Compounds such as isoflavone, flavanone and chalcone are partially linked with sugar chains as well, suggesting the structure diversity of flavonoids in licorice. Compound 4 yielded intensive [M + H]+ molecular ion peaks at m/z 419.1344, corresponding to the molecular formula of C21H22O9. The characteristic fragment ion m/z 257.0804, 239.0698 and 137.0230 were observed, originated from [M + H − Glc]+, [M + H − Glc-H2O]+ and [M + H − Glc-H2O-C8H7]+ respectively. Similarly, compounds 5, 6, 7, 9, 10, 11, 14, and 15 with sugar chains were tentatively identified and some of them were unambiguously identified by comparing their retention times and MS data with the reference compound.

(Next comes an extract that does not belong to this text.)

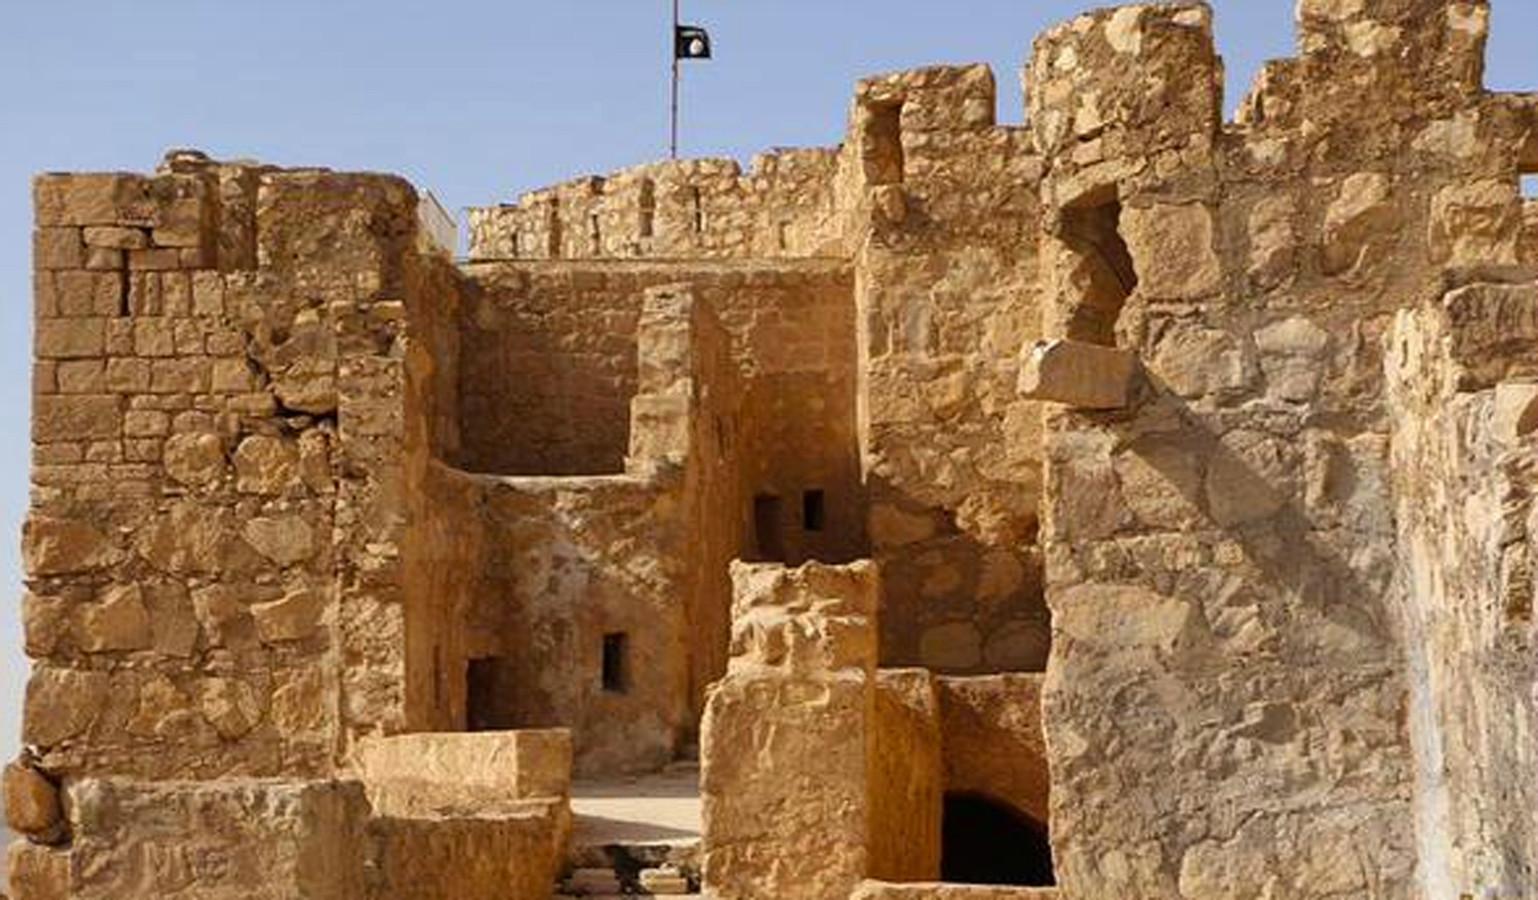 Militanten publiceerden eerder een foto van de IS-vlag op een kasteel in Palmyra.
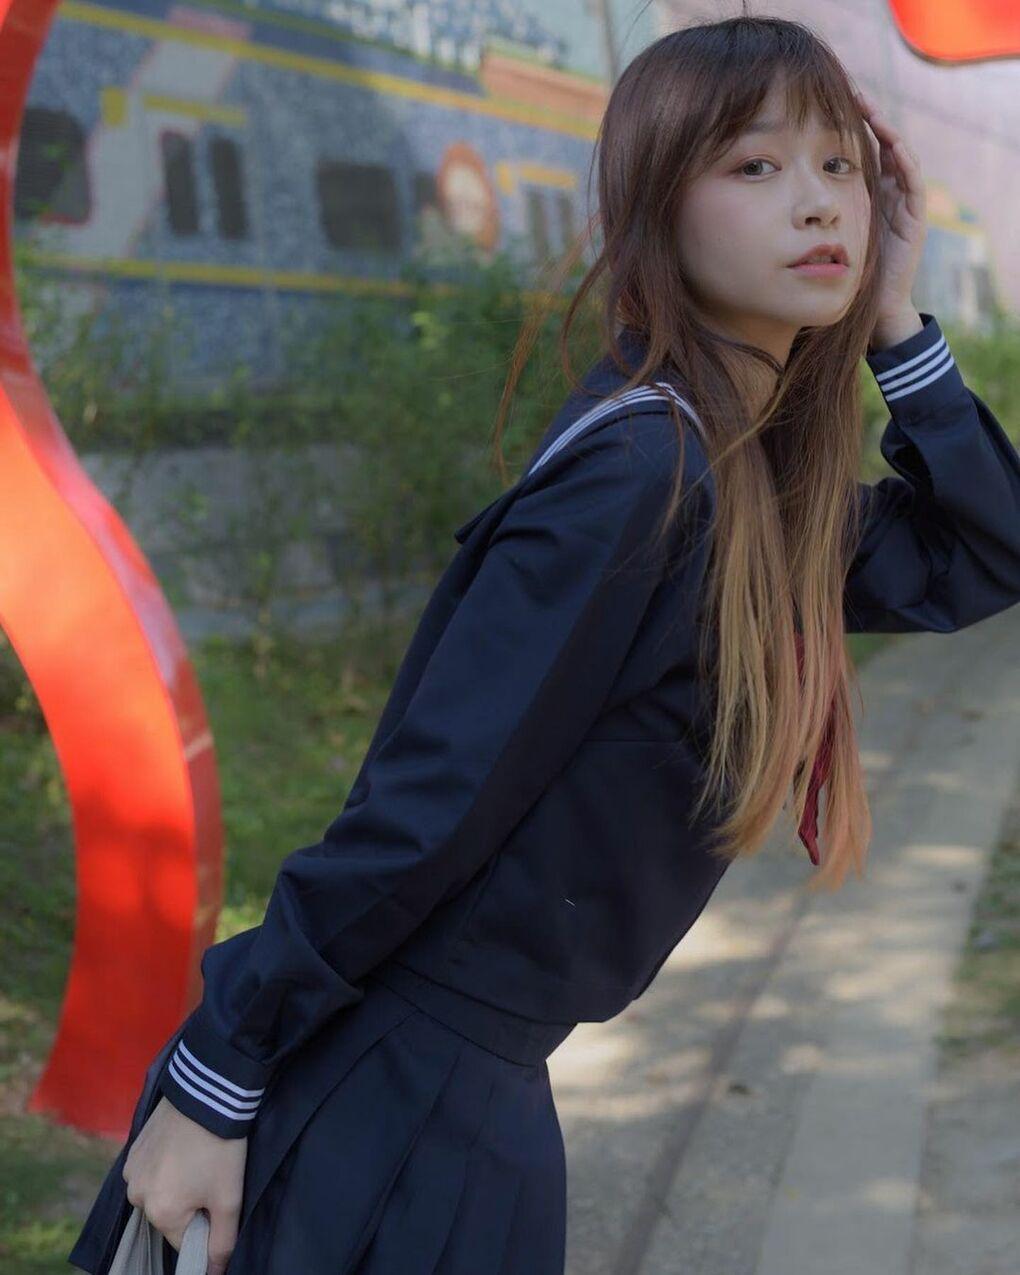 清透嫩白美眉阿耕Yusi满满胶原蛋白的氧气少女(20P) 网络美女 第16张

Apart from glycosyl, methoxy (–OCH3) and X1 (–C4H8) group were often attached to different positions of the licorice flavonoids. Thus production of [M + H − OCH3]+ and [M + H − C4H8]+ could also be found in the MS/MS spectrum. Ononin, for instance, was detected at 11.76 min, showed an [M + H]+ ion at m/z 431.1353, suggesting a molecular formula of C22H22O9. In the MS2 spectrum, the fragment ion at m/z 269.0812 and 237.0552 were yielded by the loss of Glc and OCH3. Compound 47 (hirtellanine I) produced [M + H]+ ions at m/z 367.1964. In MS/MS mode, characteristic fragment ions at m/z 337.1090[M + H-OCH3]+ and 321.1122[M + H-OCH3–CH3]+ were obtained. Furthermore, the presence of 56 Da (− C4H8) commonly was observed in luteone/6-C-prenylorobol/gancaonin L/2,3-dehydrokievitone, gancaonin C, gancaonin G, licorisoflavan A, glycybridin H and glyasperin C in the MS2 experiment.29,30)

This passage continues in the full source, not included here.